User Guide: Contrast two Datasets given a Target Concept

This document explains how this Shiny visualization tool works. It is recommended to understand the "Top Associated Concepts with a Target Concept" tool (see documentation) before starting with this one.

Summary

This tool is intended to contrast two datasets in order to emphasize how they differ the most. It presents the user with a list of concepts associated with a chosen target concept, ordered according to the difference in association strength between two selected datasets, with the concepts with the highest difference shown at the top. Thus the user is able to visualize the concepts which have a very high association strength in the first dataset but a very low one in the second one.

This comparison is meant to detect concepts which are susceptible to have a meaningful relationship with the target concept, but this relationship has been "overlooked" in the literature. The method relies on the assumption that concepts relationships which are well studied are strongly associated even if considering only abstracts at the sentence level, which correspond to the most restrictive type of literature data available. By contrast, the full articles by paper are the least retrictive in terms of volume and diversity of relationships captured. Therefore it is assumed that two concepts which have a strong association in the latter (full articles) but are absent or have a weak association in the former (abstracts) are a good candidate as an overlooked relationship: the relationship is not well studied otherwise it would be found in the abstracts, and it is significant otherwise it would not have a strong association in the full articles.

Essentially, this tool attempts to simulate the process of a human expert going through the list of top associated concepts from the full articles (as can be done with the previous tool) and extracting the relationships considered non-obvious and potentially candidates for further investigation.
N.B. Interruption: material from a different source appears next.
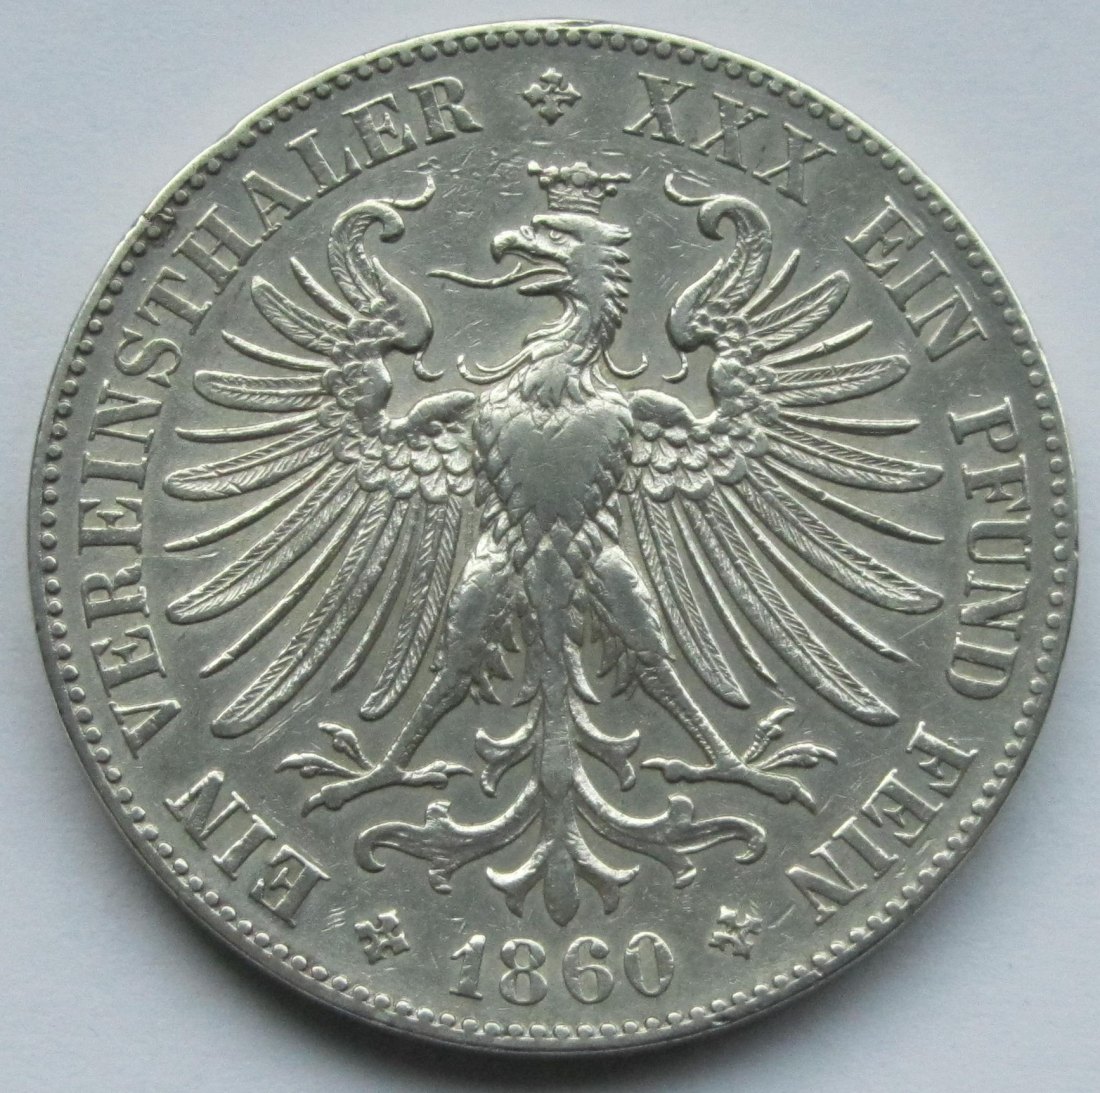  Frankfurt: 1 Taler 1860   
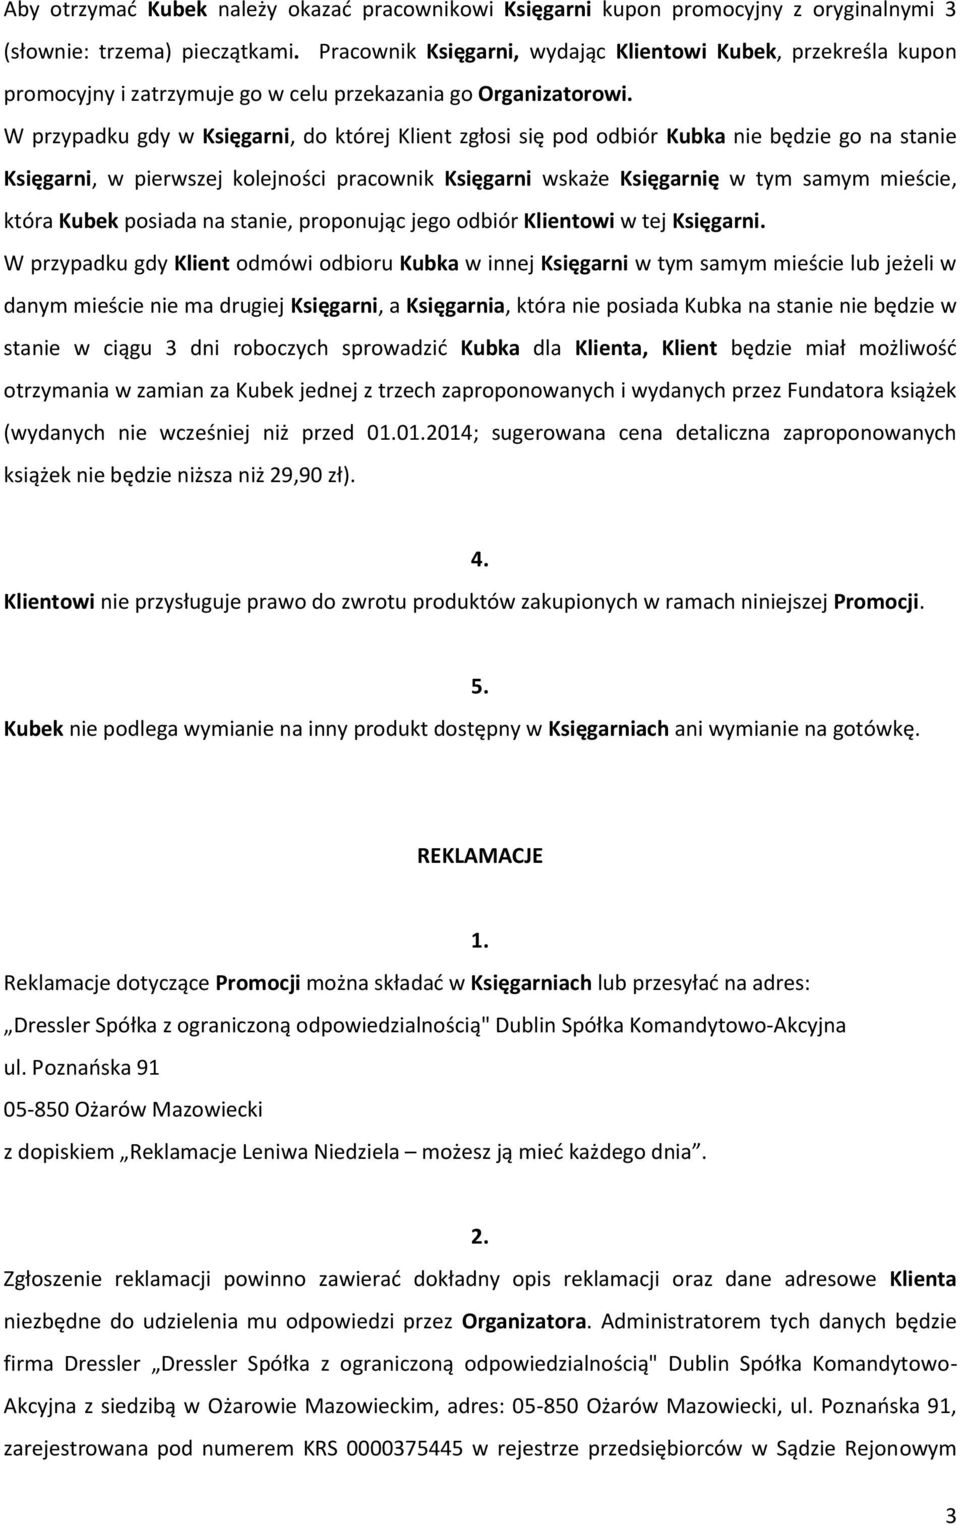 W przypadku gdy w Księgarni, do której Klient zgłosi się pod odbiór Kubka nie będzie go na stanie Księgarni, w pierwszej kolejności pracownik Księgarni wskaże Księgarnię w tym samym mieście, która

The frequency filters min joint freq in dataset 1 and max joint frequency in dataset 2 play an important role in the selection of the associated concepts shown in the results. Intuitively, the former allows the user to adjust the generality level while the latter is used to adjust the contrast level. The tool is designed to let the user find the "sweet spot" for these parameters so that the output contains exploitable concepts, i.e. points to relationships which are relevant, non-obvious and good candidates for further study.

Data

This tool uses the same type of data as the "Top Associated Concepts with a Target Concept" tool, please refer to its documentation for details about the data). However, while the previous tool was based on a single dataset, the present one is based on comparing two datasets against each other. The comparison is not symetrical, because the system selects concepts which satisfy these two conditions:

The concept has a high association strength with the target in the first dataset,
The concept has a low association strength or is not associated at all with the target in the second dataset.

The tool is intended to be used with a high-coverage first dataset and a restrictive second dataset. By construction, the data obtained from abstracts only contains less but more reliable co-occurrences between concepts, whereas the articles only data contains more but less reliable co-occurences and the abstracts+articles contains all the co-occurrences. Also by contruction, the level by sentence is much more restrictive and more accurate than the level by paper, since the former captures only co-occurences in a sentence while the latter also considers co-occurrences of concepts which appear far away from each other in a document.

Target Selection

The user can select a target concept among a predefined list of ND concepts.

See the documentation of the previous tool for details.

Ranking Method

The order of the associated concepts in the results table depends on two options: the association measure (MI or PMI), which is explained in the documentation of the previous tool (PMI, the default, is recommended), and the method to rank CUIs, which can be either Basic Contrast (the default), Relative Diff Rank or Absolute Diff Rank.

Basic Contrast

With this option enabled, the results table shows the concepts ordered by their association measure in the first data: first the reference view concepts are ranked, then the concepts which have a joint frequency in the mask view higher than the maximum parameter are filtered out (see Frequency Filters below). This means that it shows the same list as the previous tool for the reference view, except that the filtering is based on the mask view.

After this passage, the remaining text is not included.